After a recent flood damaged a number of drawings and paintings, I felt compelled to take stock of some 45 years of art and rework some old images. This painting from 1995, called A true Paladin, was inspired by a dream where the knight, Gawain, stands on a balcony over a city square on which corpses lie bleeding. I was struck by the painterly quality of the blood-soaked earth.
It’s hard to say what grabs us about certain images. Maybe it was the stark melodrama of the scene framed by an ornate, wrought iron balustrade. Perhaps it was the reflections. Or maybe it was the ambiguous space generated by the open window and fons perenis (eternal fountain) rendered in stained glass. The city square is a Temenos, an enclosed space where the dark figures of the unconscious are met and death looms in the shadows.
I divided the rectangle of canvas according to the Golden Mean, which is based on the number five. Gawain’s shield displays the pentagram. It is a mandala, a symbol of wholeness, of equity between parts, interlocked in an insoluble whole. All the Paladin’s thoughts, speech and actions are harmonious and abide by the Golden Mean.
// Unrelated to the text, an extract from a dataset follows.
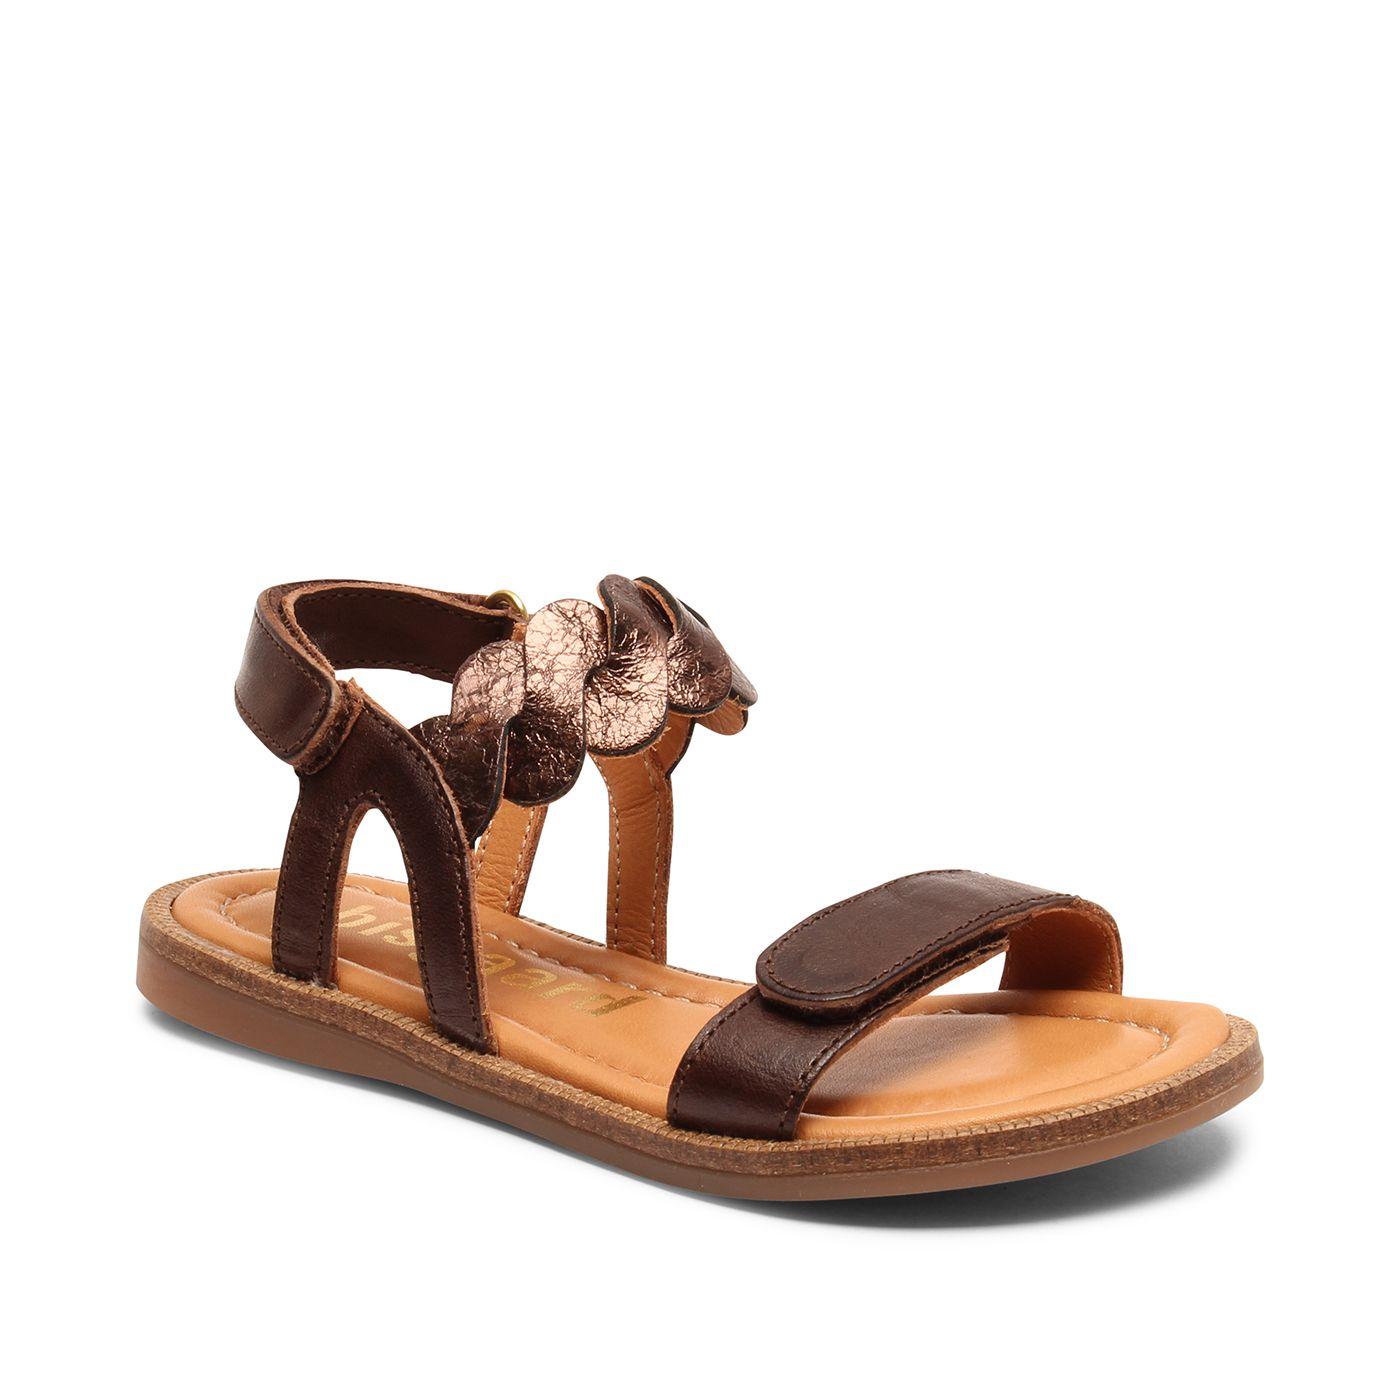 Bisgaard dívčí kožené sandály 71945 - 1200
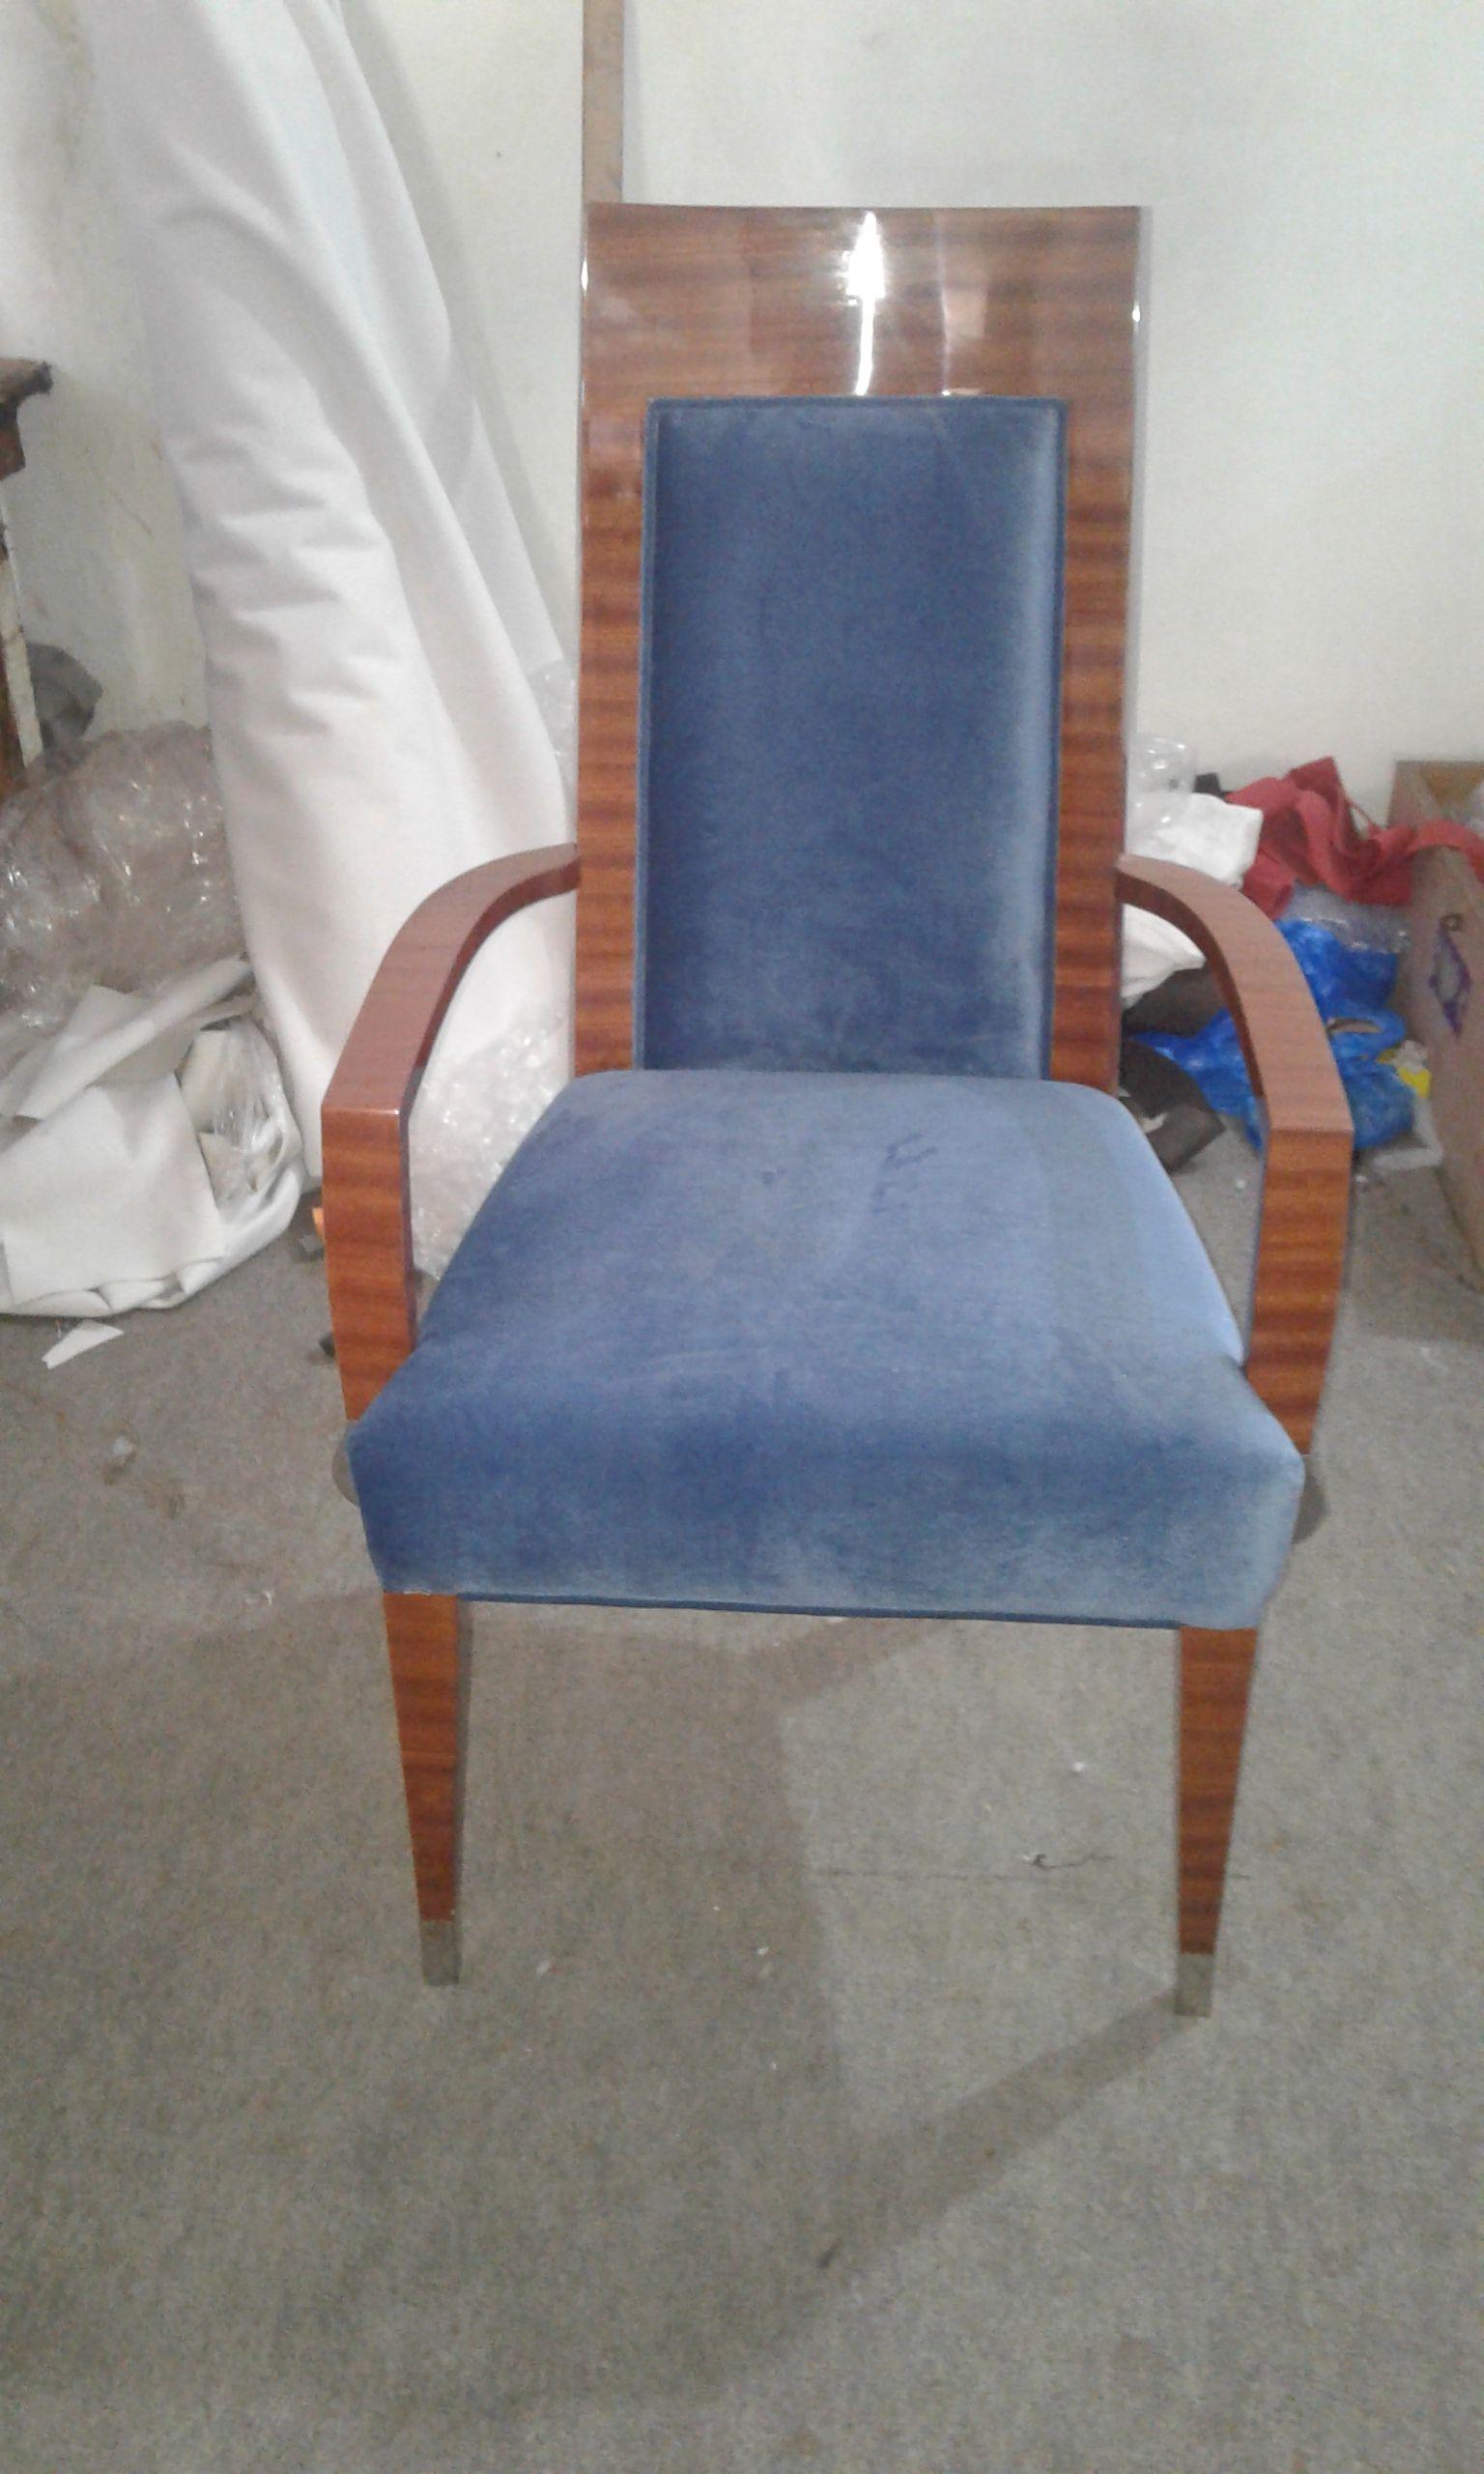 wooden armchair, chair shop near me, fiber chair, herman

It is an ideal to which all knights must strive- in love, spirituality, ethics and life in general.
With a palette of raw umber, paynes grey, black, white and indian red, I lay down broad washes of rich tones to evoke the earth of the city square. In contrast with this, the flat plane of the window projects sharply into the foreground. It is both, at once, interior and exterior scene and this dichotomy reflects the mood of sad revery.
The next day sees the introduction of more vibrant color. The ground color is blue/green. It is the key color to which all other’s refer and I will return to this hue when the bewildering possibilities of color relationships get out of hand. It provides a bearing (true north, so to speak) in the navigation of the color wheel.
I will document this creation in a series of blog posts. May some aspiring artist find it useful.